The plot is a solid enough high-concept premise but it has notable flaws, some of them added by the treatment it gets in Richard D'Ovidio's script. For starters, the premise hinges on an experienced 911 call operator making the dumbest of rookie mistakes to kick-start the plot. The story also suffers from thin, sometimes cartoonish characterizations: Jordan and Casey are competently drawn if a bit dull, the killer gets progressively more ridiculous as the film goes along and every supporting character is a cardboard cutout.

That said, once Casey is in the trunk and calling Jordan for help, The Call has a good stretch of about 45 minutes where it really cooks as a thriller. Brad Anderson served as director here and brings a stripped-down, jittery feel to the suspense mechanics, making effective, unnerving use of extreme closeups and fast editing. It's kind of sad to see a director of this pedigree (Session 9, Transsiberian) being wasted on a potboiler but he makes the most of his work here. Berry and Breslin both do good work during this section of the film - this is doubly impressive for Berry when you consider that she spends the film saddled with a ridiculous "Sideshow Bob" wig that should have never been allowed in front of a camera.

However, The Call reaches the end of this quality stretch when it reaches its third act - and everything goes haywire. The strength of the film up to this point was that Jordan could only rely on her wits and skills as an operator to aid the victim - and the film's creative team makes the dumb decision of making her turn vigilante once it seems the killer might get away. She breaks all rules of logic by going off alone to track down the killer without telling anyone else - and her visit to the killer's lair is both lurid and cliched, relying heavily on borrowed imagery and staging from Silence Of The Lambs (the camera also lingers in a disturbing way on teenage Breslin in just a bra and jeans).
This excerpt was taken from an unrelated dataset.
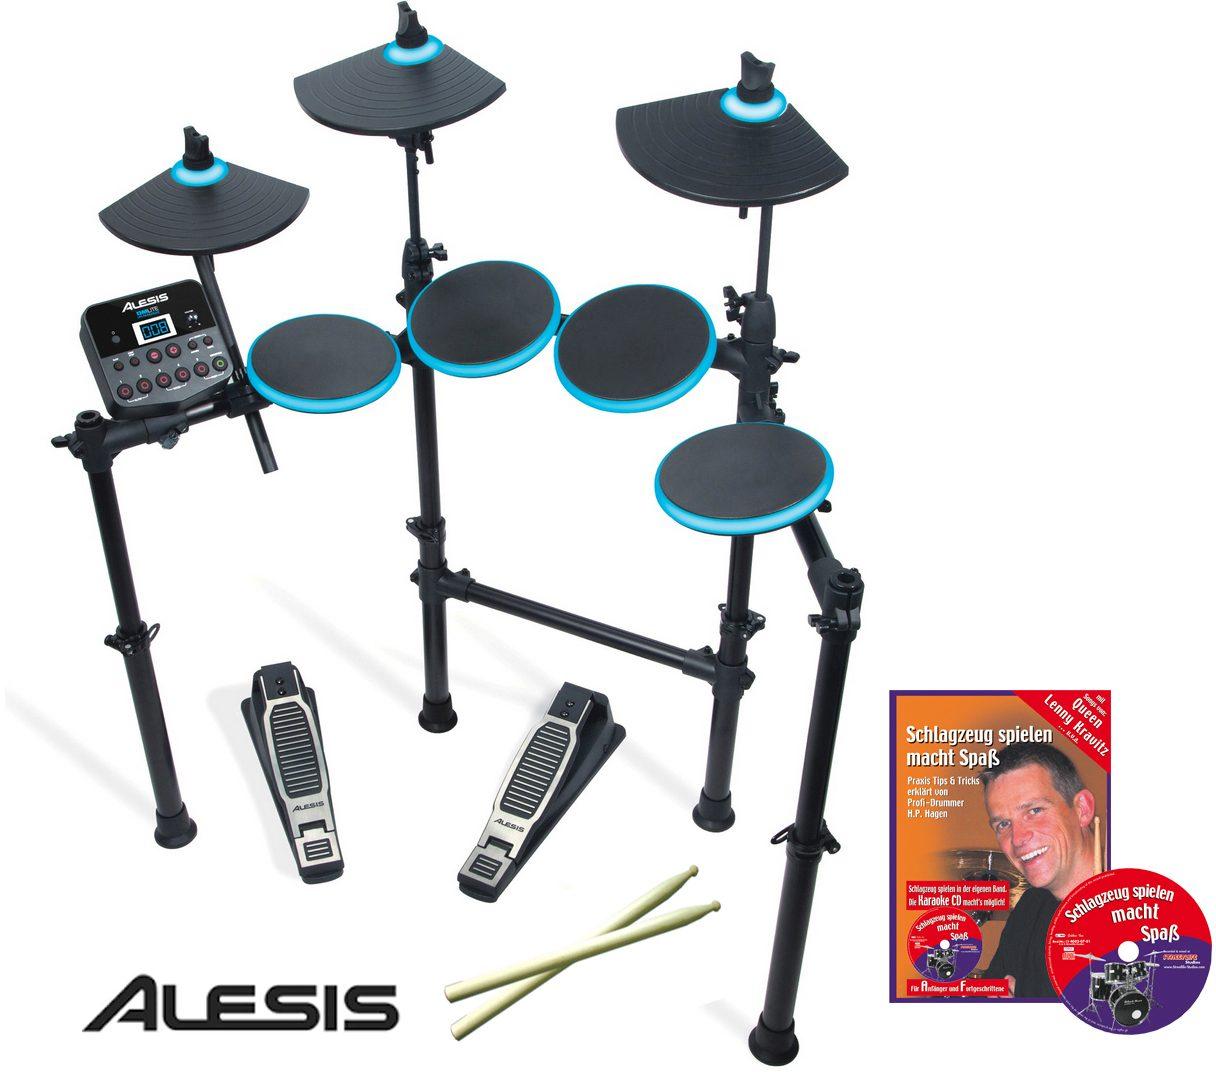 Clifton Alesis Elektronisches Schlagzeug, »E-Drum Set DM Lite Alesis«

To add insult to injury, the "surprise" coda betrays everything the film has established about its heroines for a really dumb, kneejerk jolt.

In short, The Call is frustrating because it could have avoided all of its mistakes with a rewrite. Berry and Breslin deserved better for their hard work, not to mention a good cast of mostly wasted supporting actors like Roma Maffia, Morris Chestnut and Michael Imperioli. Anderson's direction is solid throughout but can't overcome the thin script and ridiculous third-act story decisions. The results are easy enough to watch as they unfurl - but the sum total will leave you unsatisfied.